* Exercise *
Set every entry down again exactly, excluding any pictures.

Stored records
/---

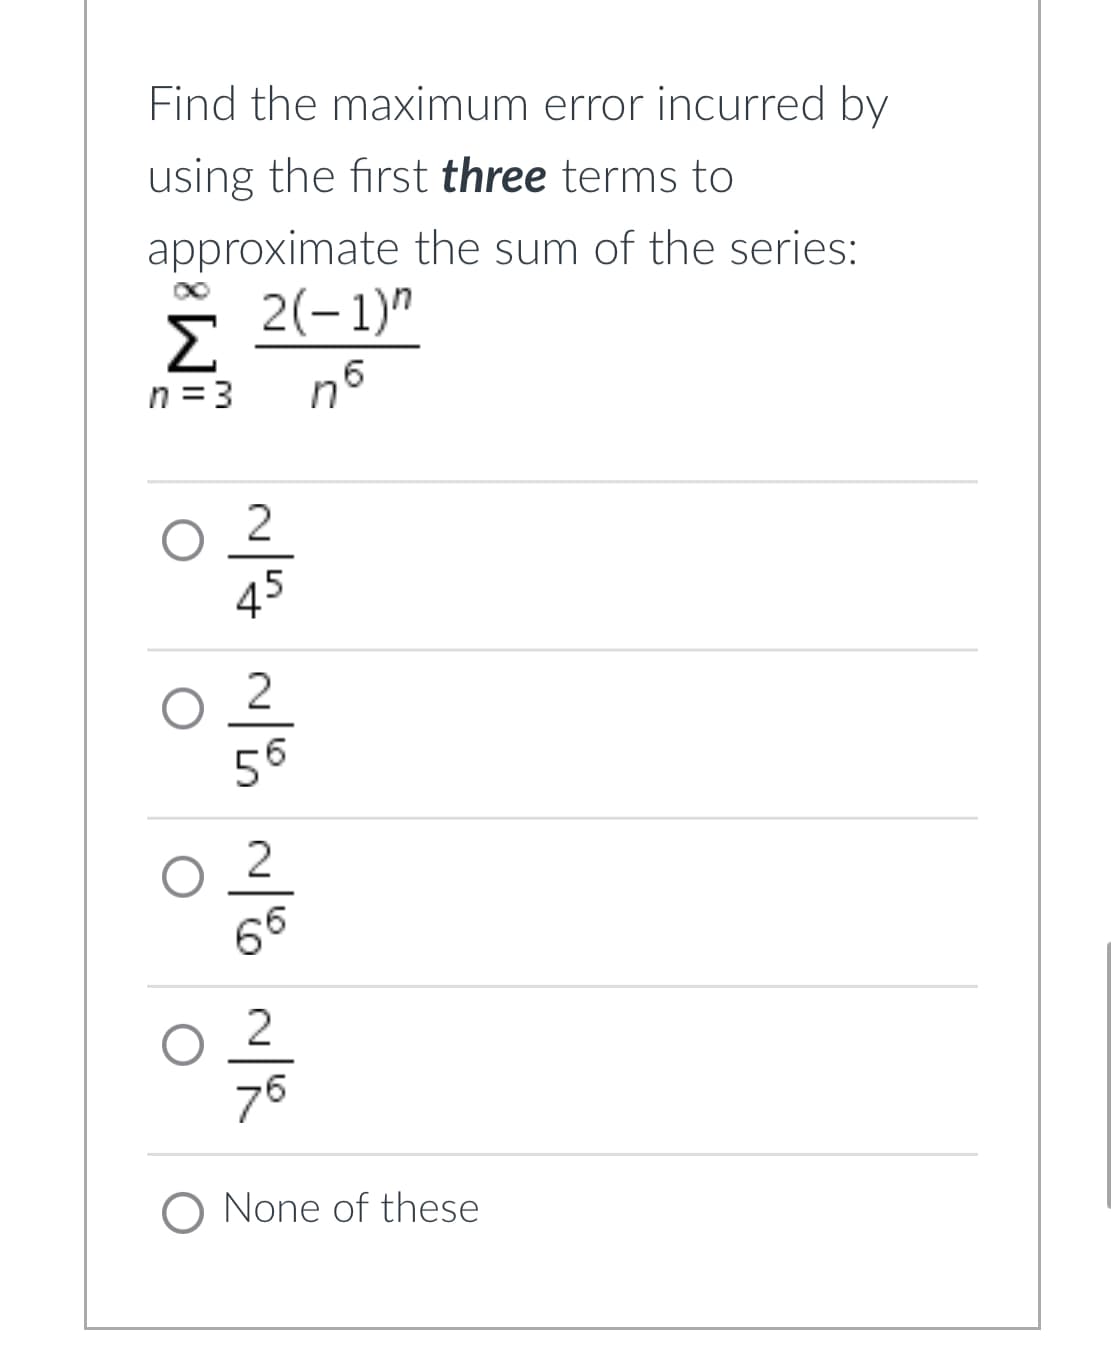 Find the maximum error incurred by
using the first three terms to
approximate the sum of the series:
Σ 2(-1)"
n = 3
nб
2
45
2
56
2
66
2
O
76
O None of these

\---

* Task result *
 Find the maximum error incurred by
using the first three terms to
approximate the sum of the series:
Σ 2(-1)"
n = 3
nб
2
45
2
56
2
66
2
O
76
O None of these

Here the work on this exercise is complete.